# ASSIGNMENT:
Give back an exact copy of the entries beneath, minus the pictures.

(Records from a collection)
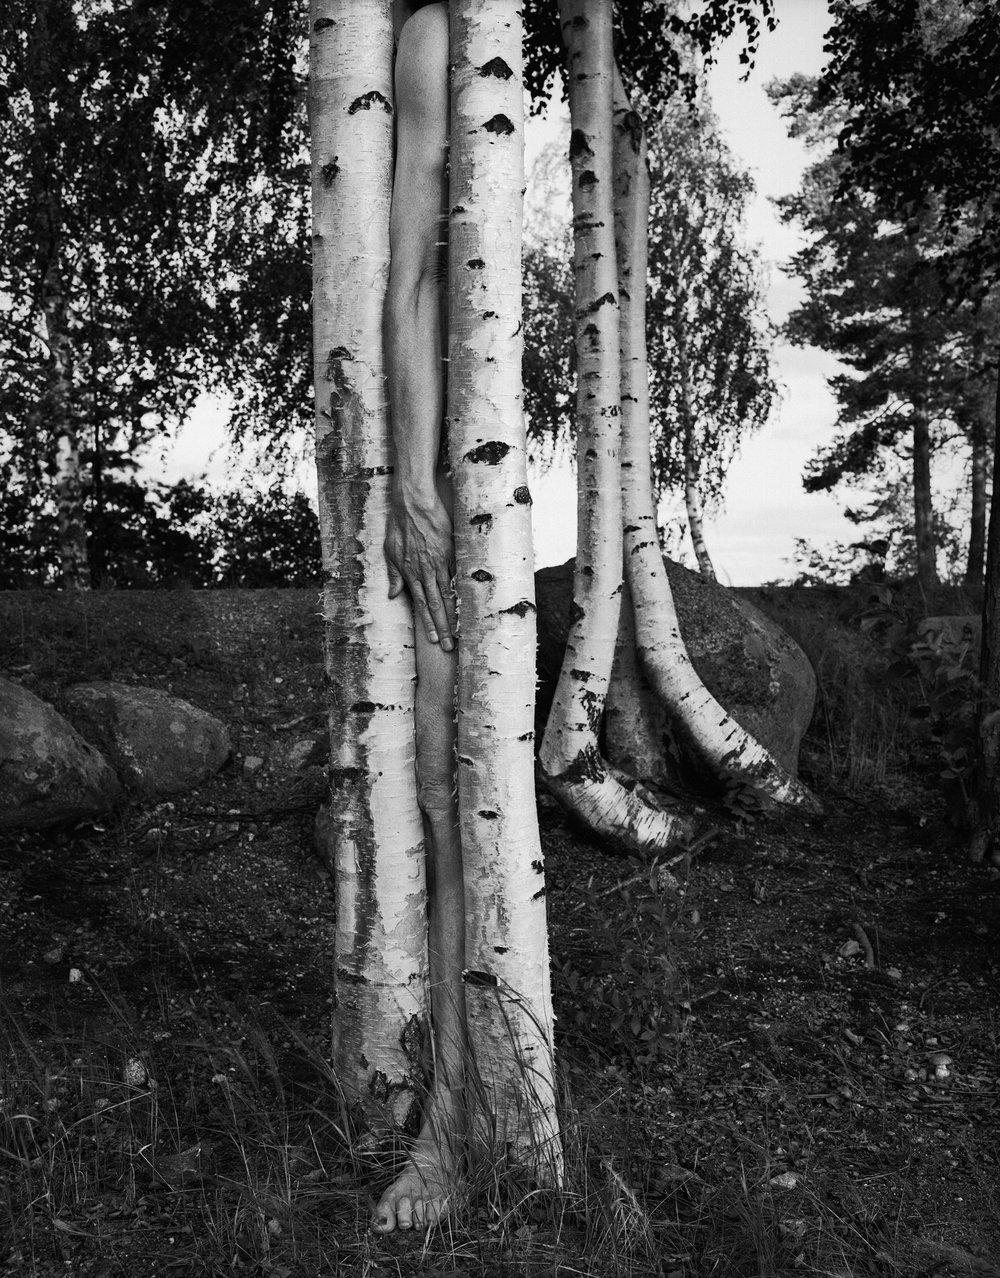 Arno Rafael Minkkinen - Väisäänsaari, Finland - 1988
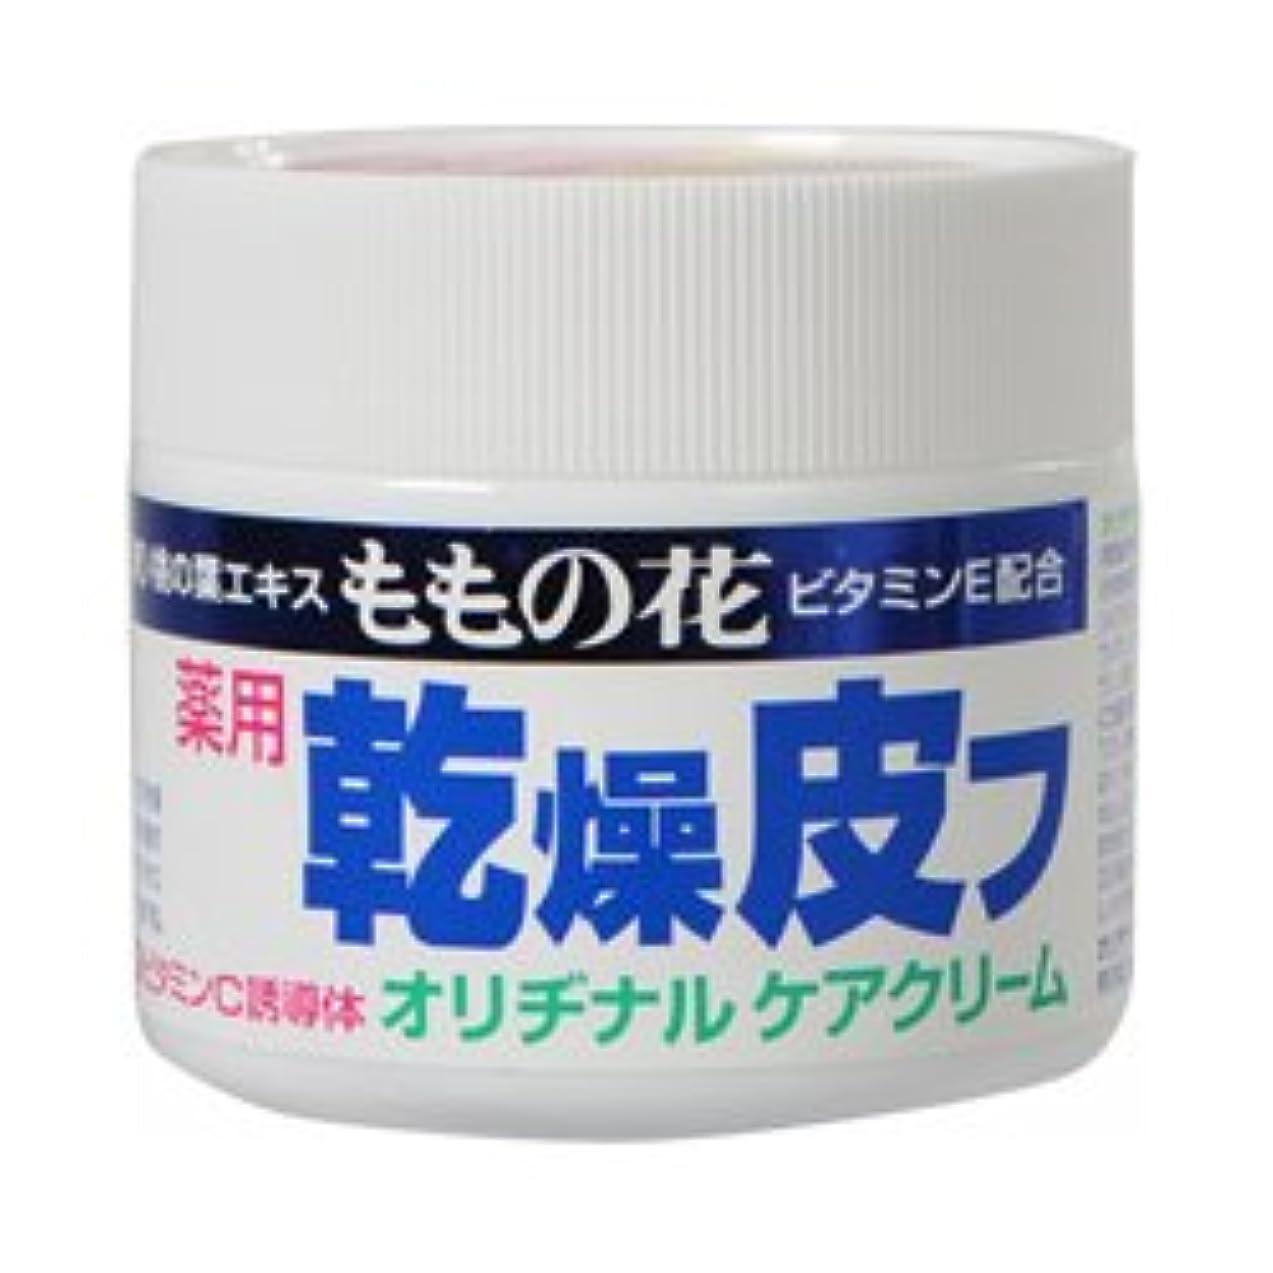 アジア主貧しい【オリヂナル】ももの花乾燥皮フクリームC 70g ×10個セット
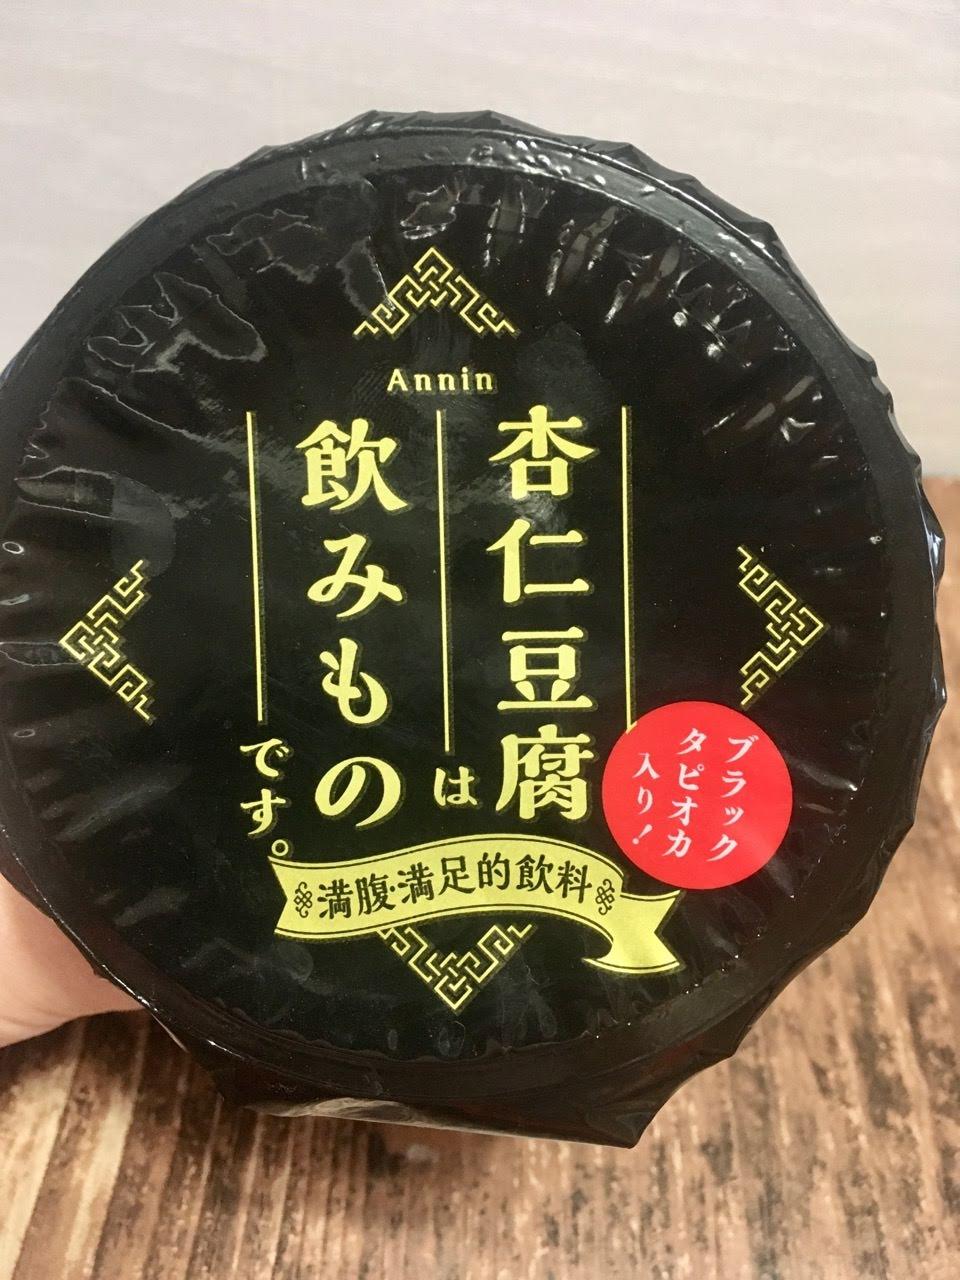 杏仁豆腐は飲み物です
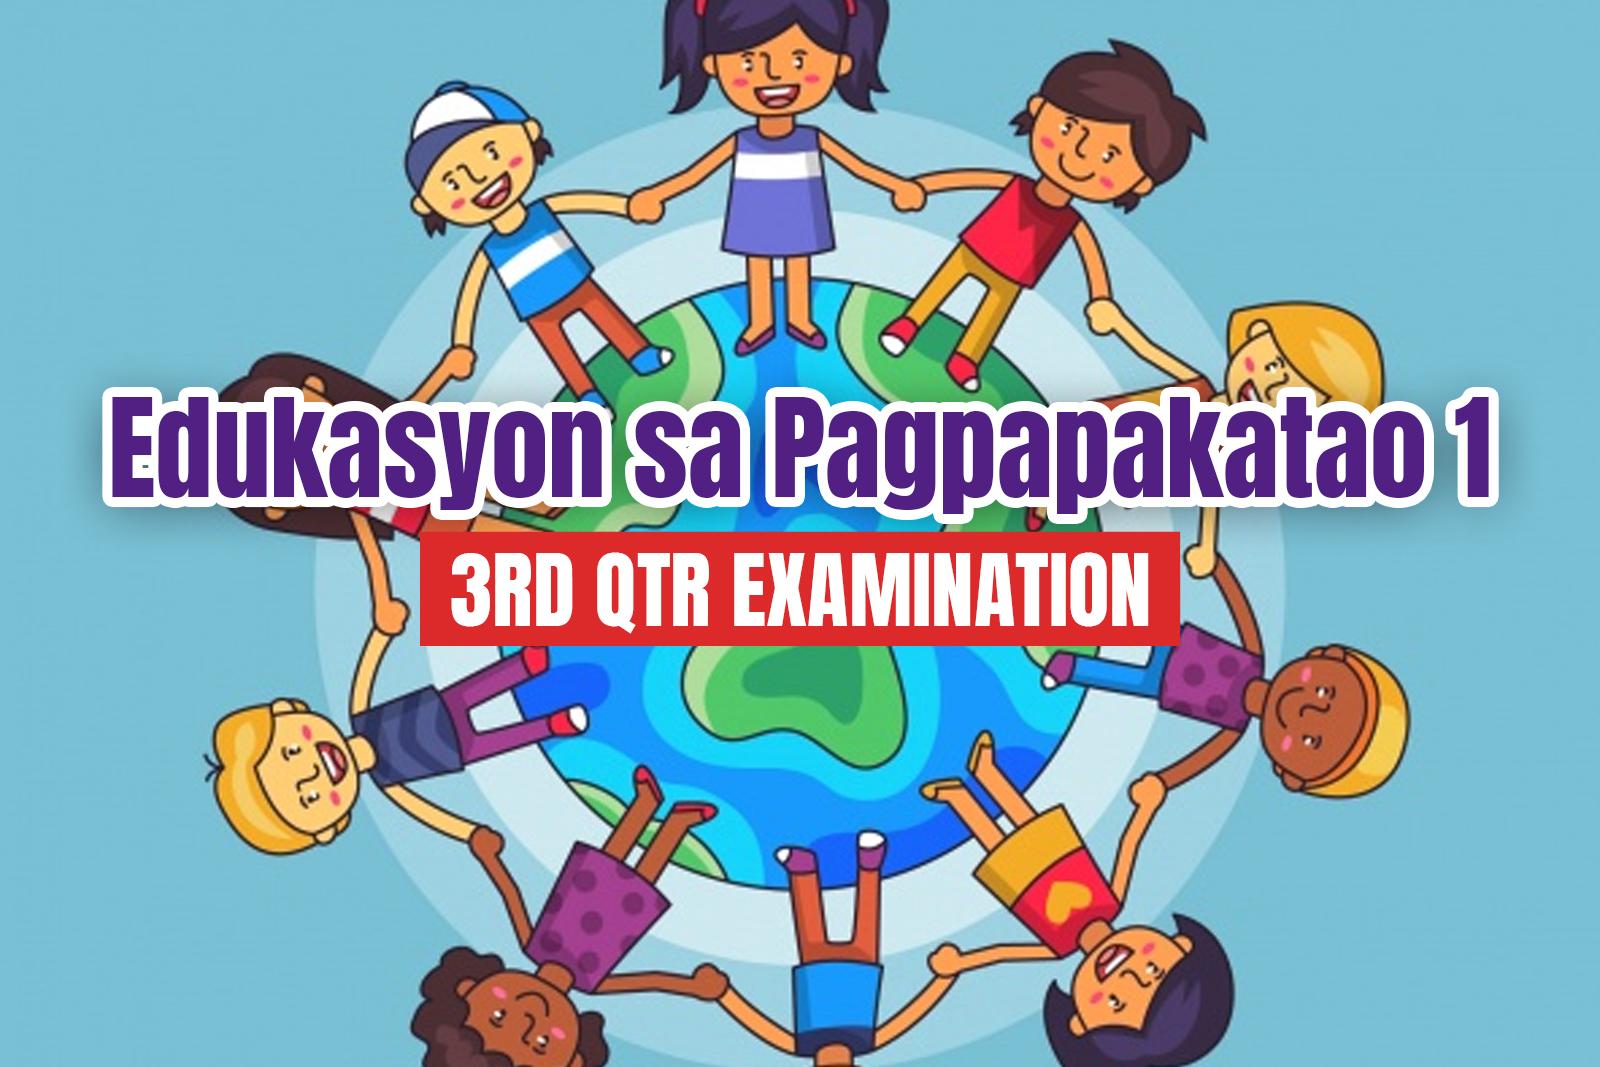 Edukasyon sa Pagpapakatao 1 3rd Qtr Examination - mdmrara
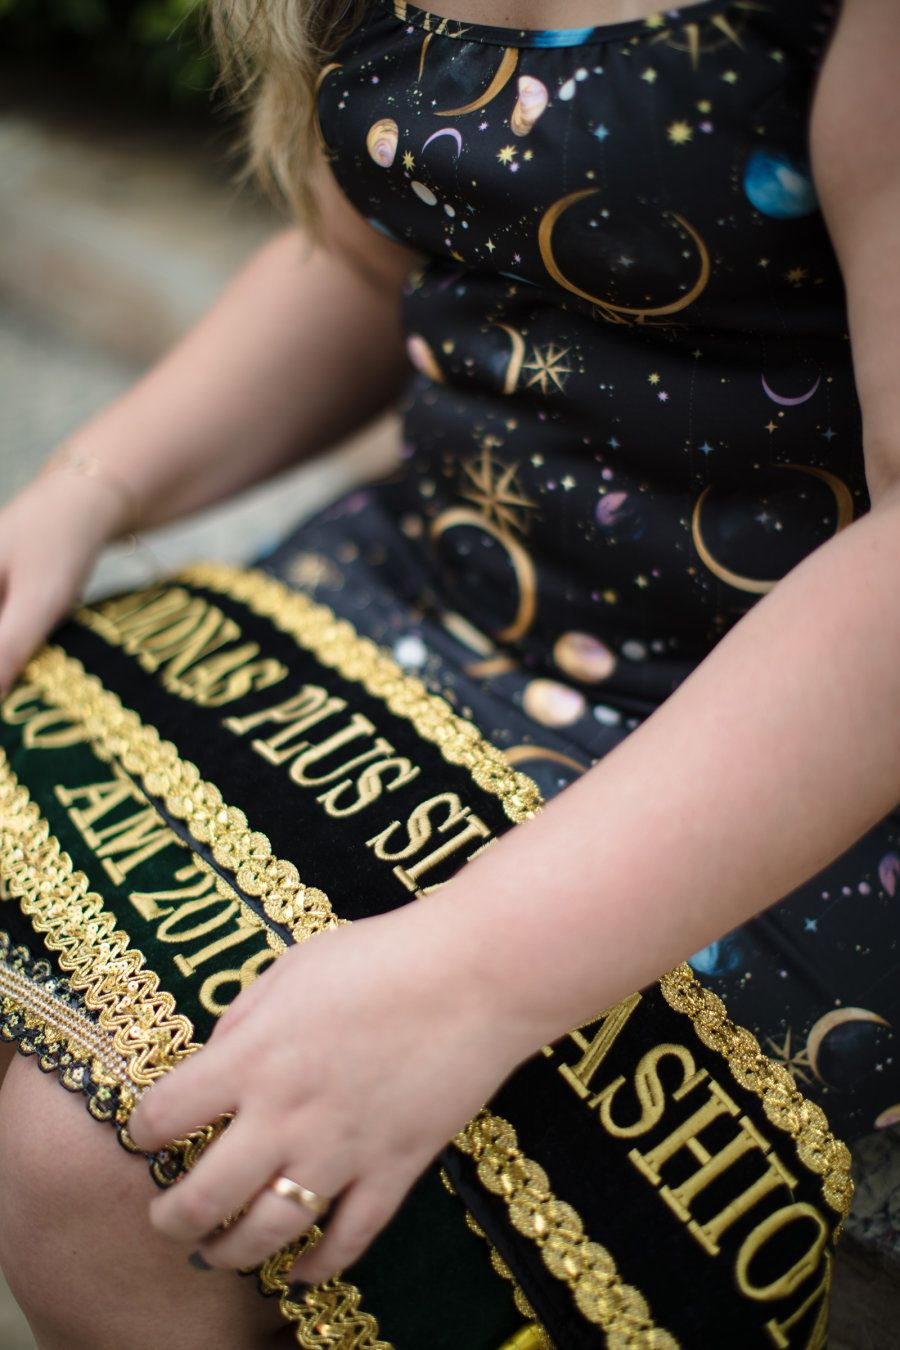 Hoje, ela exibe com orgulho a faixa de Miss Amazonas Plus Size

# EXERCISE RESULT:
 Arno Rafael Minkkinen - Väisäänsaari, Finland - 1988
 アジア主貧しい【オリヂナル】ももの花乾燥皮フクリームC 70g ×10個セット
 杏仁豆腐は飲み物です
 Edukasyon sa Pagpapakatao 1 3rd Qtr Examination - mdmrara
 Hoje, ela exibe com orgulho a faixa de Miss Amazonas Plus Size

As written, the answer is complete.